Which makes absolutely no sense, as the maximum heat value emitted by a mammal body cannot exceed the heat value of the food entering the body. If future evil computers craved heat, it would be far more efficient just to burn the plants at the base of the food chain--to saying nothing of simply building nuclear reactors--than to waste colossal amounts of resources, and expend huge amounts of energy, constructing the super-elaborate prisons in which the human captives live, and then growing food for the captives to boot.

It's ironic that a guy who is dismissive of real physics because 1) it's too weird and 2) physicists hate God, suddenly feels it's very important to make sure that science fiction (I repeat, fiction) movies should adhere to accurate principles. Easterbutt's solution to the above problem is, "Producers of the Matrix might have borrowed one of the themes of the engaging Dan Simmons Hyperion sci-fi novels," as if what the Matrix needed was to be even more derivative.

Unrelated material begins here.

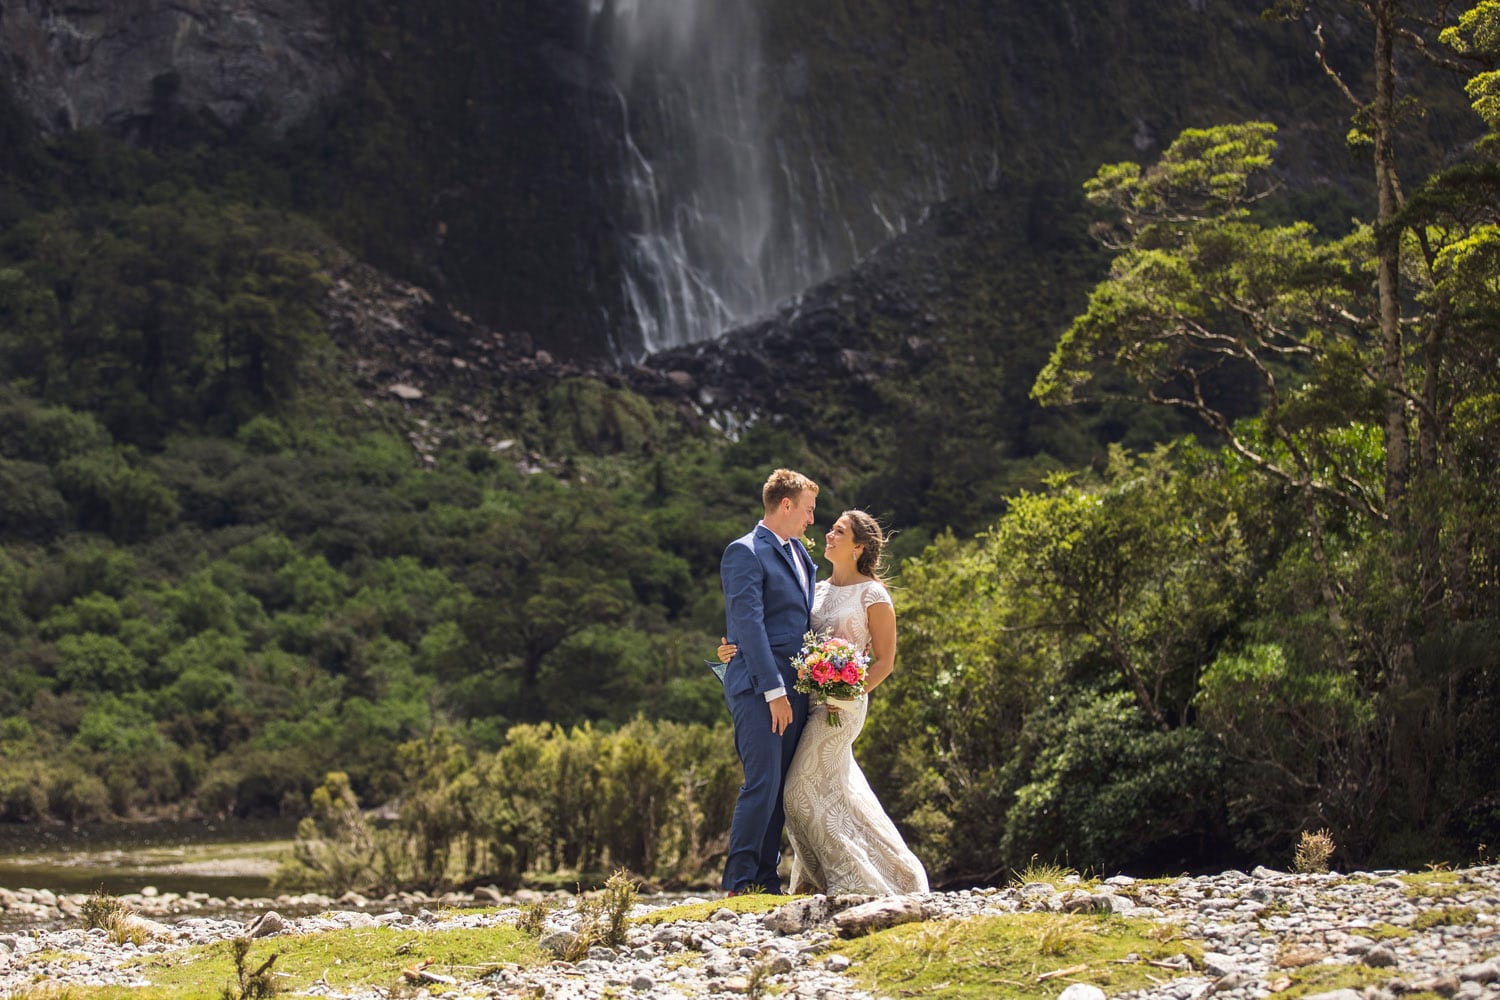 The Majestic Wedding Package Queenstown

Regardless of the merits of this suggestion, it's not a surprise to see Easterbrook (sorry, coming up with juvenile nicknames got dull even for me) make it, since his entire post is highly derivative itself of the entry for The Matrix on Insultingly Stupid Movie Physics:

We just can't buy the explanation of why the computer system bothers to maintain not only the simulation but humanity. Supposedly, the computer system needs people as a power source. This makes no sense. The food fed to humans would have far more energy content than the meager power available from humans. It would require even more energy to run the food delivery system not to mention maintain the slime tubs. Why would the machines bother? Surely there'd be a more effective way to extract energy from the food.

Perny points out that Easterbrook advises us to watch ISMP for their review of Revolutions, but can't quite bring himself to give them credit for the ideas he's just passed off as his own. True, Easterbrook did add his own thoughts about military hardware earlier in his post, as well as the word "absolutely" before "makes no sense," which may pass for original writing in Gregg's mind, but Perny is not in the mood to be forgiving, because he recalls how Easterbrook went off on Hillary Clinton for having the nerve to use a ghost writer on her memoir: "In the last two years Clinton has either been neglecting her duties as a United States Senator -- that is, violating her oath -- in order to be the true author of 'Living History,' or she is claiming authorship of someone else's work," sputtered Gregg in his dear departed ESPN column.

Not such a big deal, you're saying? Maybe not. Maybe I could have just written this post as if I'd thought of it all myself and then at the end said, By the way, a guy named Andrew Perny might weigh in on a similar topic sometime in the future. But I'm happy to give credit where it's due, and I think Andrew appreciates that.